Urgent action is needed to address the immediate risks to domestic food production, and protect the interests of both consumers and producers in the UK.

NFU Scotland this week spelled out what the UK Government, Scottish Government, processors, retailers and the banking sector can do right now to shore up the industries that keep the country fed.

The union stressed that, while the focus must be on supporting Ukraine, the ramifications of the conflict in the region would challenge supply chains and economies far away from the fighting, and Scotland’s farmers and crofters wanted to address the growing concerns around food security at home.

Inflationary pressures and market volatility have been building to 'exceptional' levels, said the union, which warned that businesses needed stability to maintain their capacity to produce food.

To achieve that, NFU Scotland has asked the UK Government to:

  • Reduce the duty on red diesel to zero to address the rapid increase in fuel prices for agricultural operations;
  • Address rising energy costs via a price cap on wholesale gas, not least to ensure the continuity of domestic fertiliser production;
  • Consider all immigration policy options to encourage seasonal and permanent staff to meet the needs of the entire food supply chain.

NFUS asked the Scottish Government to:

  • Roll out Track 1 of the National Test Programme with utmost urgency. Introducing soil testing and nutrient management planning will enable all farmers and crofters to be more input (nutrient) efficient;
  • Commit greater funding to the Sustainable Agricultural Capital Grant Scheme to assist farmers to use resources more efficiently;
  • Temporarily suspend the Ecological Focus Areas (EFAs) component of the 2022 Greening requirements to bring additional arable land back into productive use – with a focus on EFA fallow land being used for nitrogen-fixing protein crops.
  • Implement a rapid (and continuous) food production impact assessment of all existing and new legislation and policy affecting agricultural land use and practice;
  • To make such Food Security Impact Assessments an immediate requirement of any application for largescale forestry expansion on productive agricultural land.

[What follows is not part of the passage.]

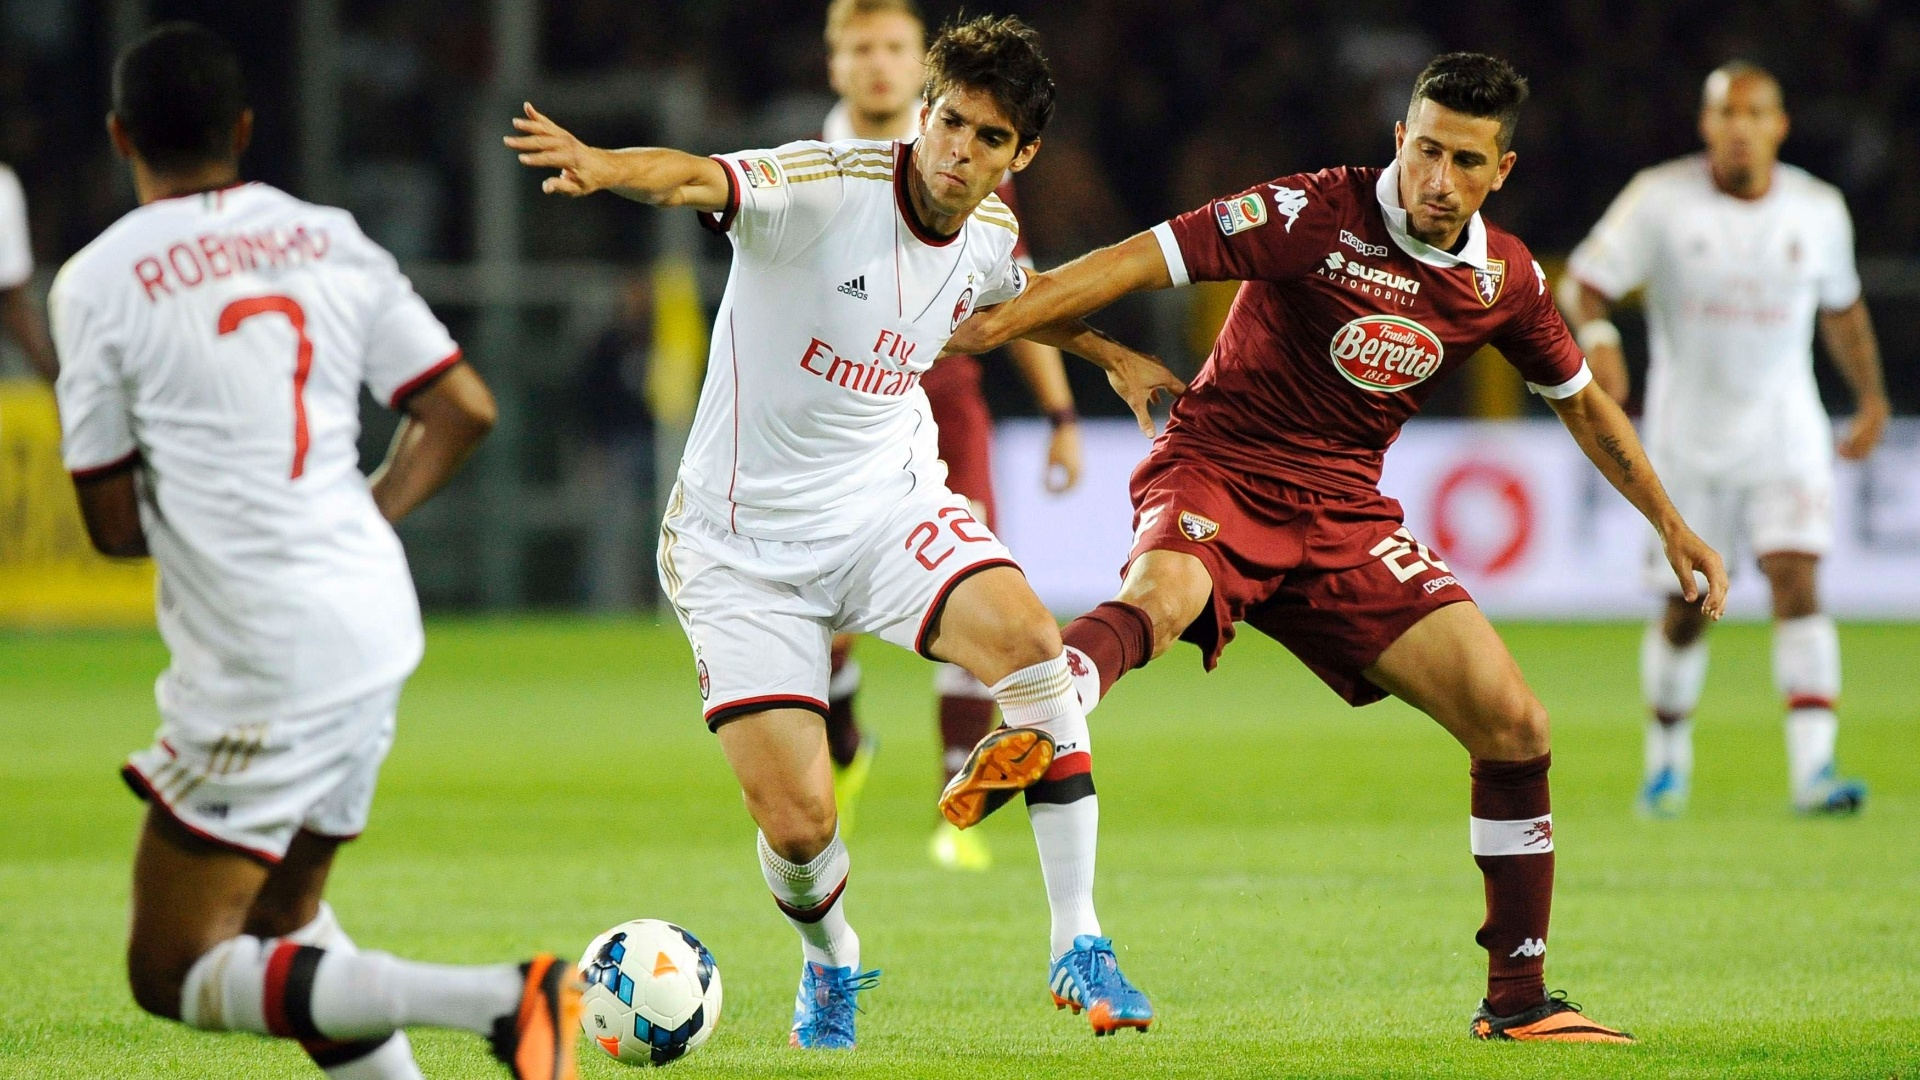 14.09.2013 - Kaká estreia como titular pelo Milan na partida contra o Torino, pelo Campeonato Italiano
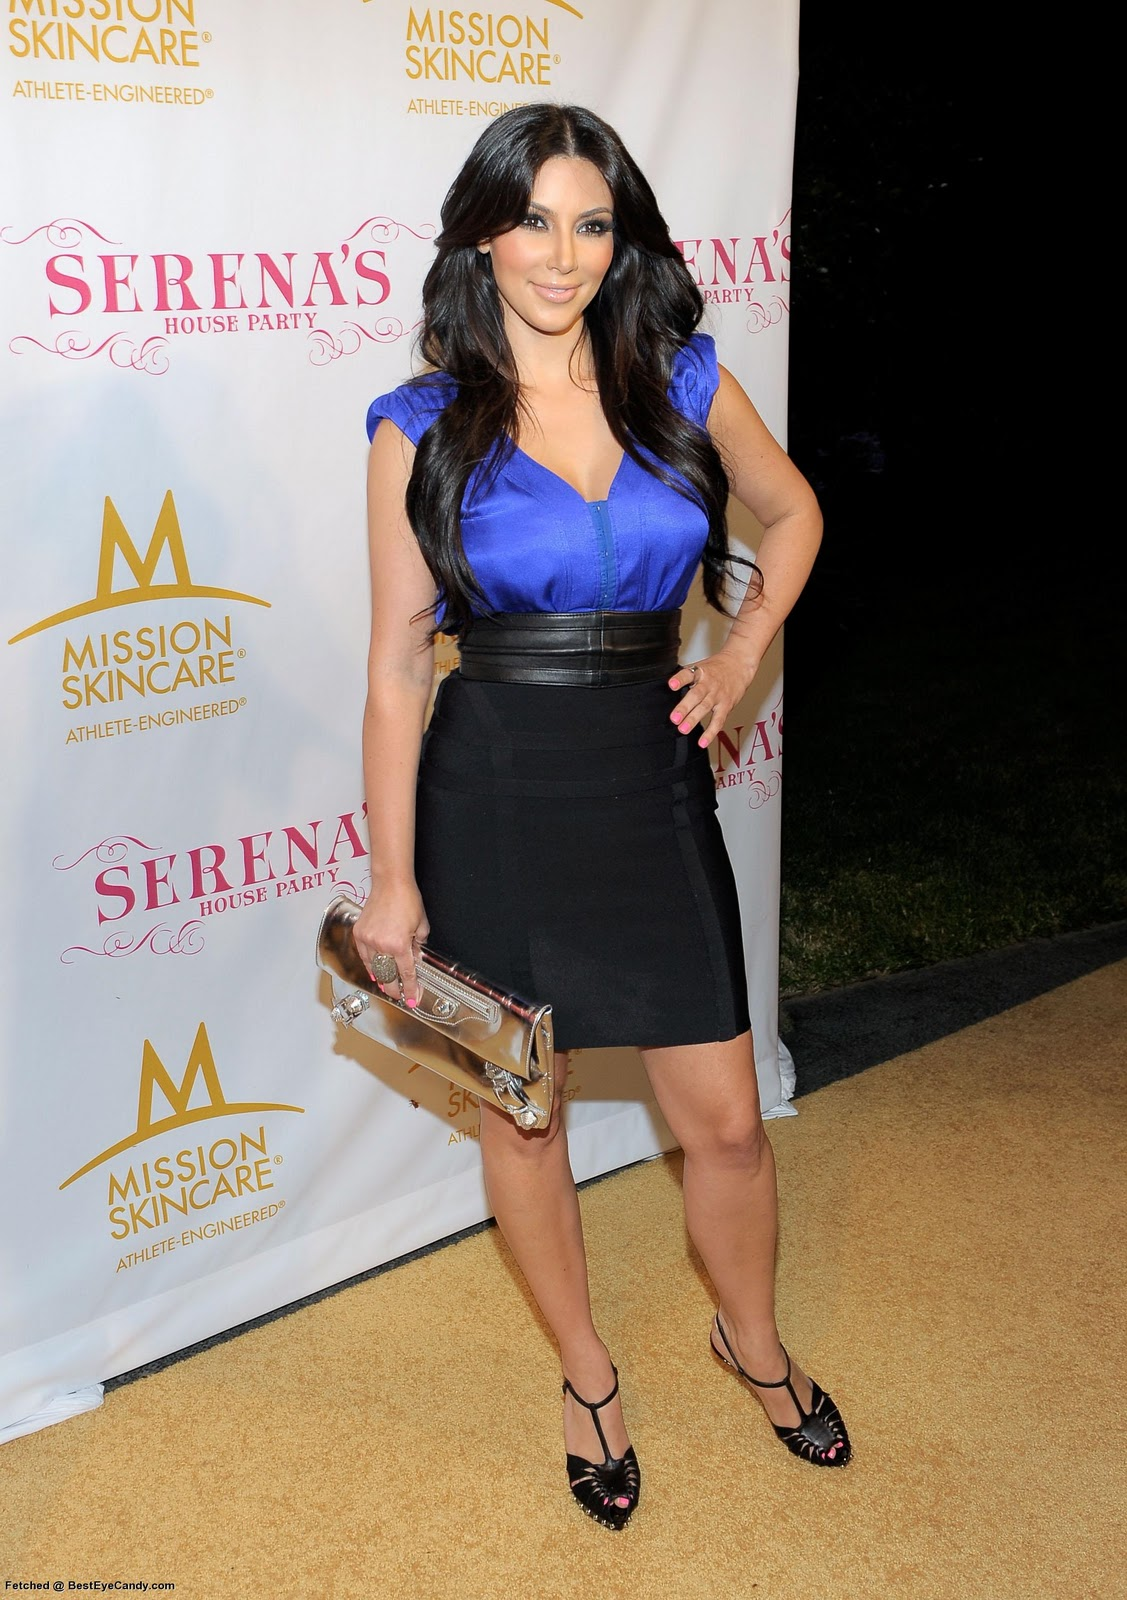 http://4.bp.blogspot.com/_3ogepUVaST0/TJ4QZ47-snI/AAAAAAAAHdU/o8oQF5J9urc/s1600/Kimberly_Kardashian_1014698_BestEyeCandyCOM.jpg

Processors and Retailers were asked to:

  • Introduce a ‘cost tracker’ element to pricing Scottish and/or British produce that recognises the rapid price inflation on key inputs at farm level;
  • Commit to buying Scottish and/or British produce wherever possible to safeguard continuity of domestic food production.

And finally, banks were asked to:

  • 'Lend with agility' to provide farm businesses with flexible repayments and terms to ensure cash flow is maintained in the face of extreme volatility.

Using industry sources, the union is tracking the price of four key agricultural inputs – ammonium nitrate fertiliser; red diesel; feed wheat and feed barley. Current quotes for ammonium nitrate fertiliser – where it is available – are in excess of £900 per tonne. In March 2021, the average price was £271 per tonne.

On red diesel, farmers can order supplies for delivery but many will only have the price confirmed at time of delivery. Current average price for March 2022 delivery is 137p per litre. The average price in March 2021 was 60p per litre.

The average feed barley price ex-farm for March 2022 is £280 per tonne. The equivalent price in March 2021 was £162 per tonne. The average feed wheat price ex-farm on March 14 was quoted at £295 per tonne. The equivalent price in March 2021 was £203 per tonne.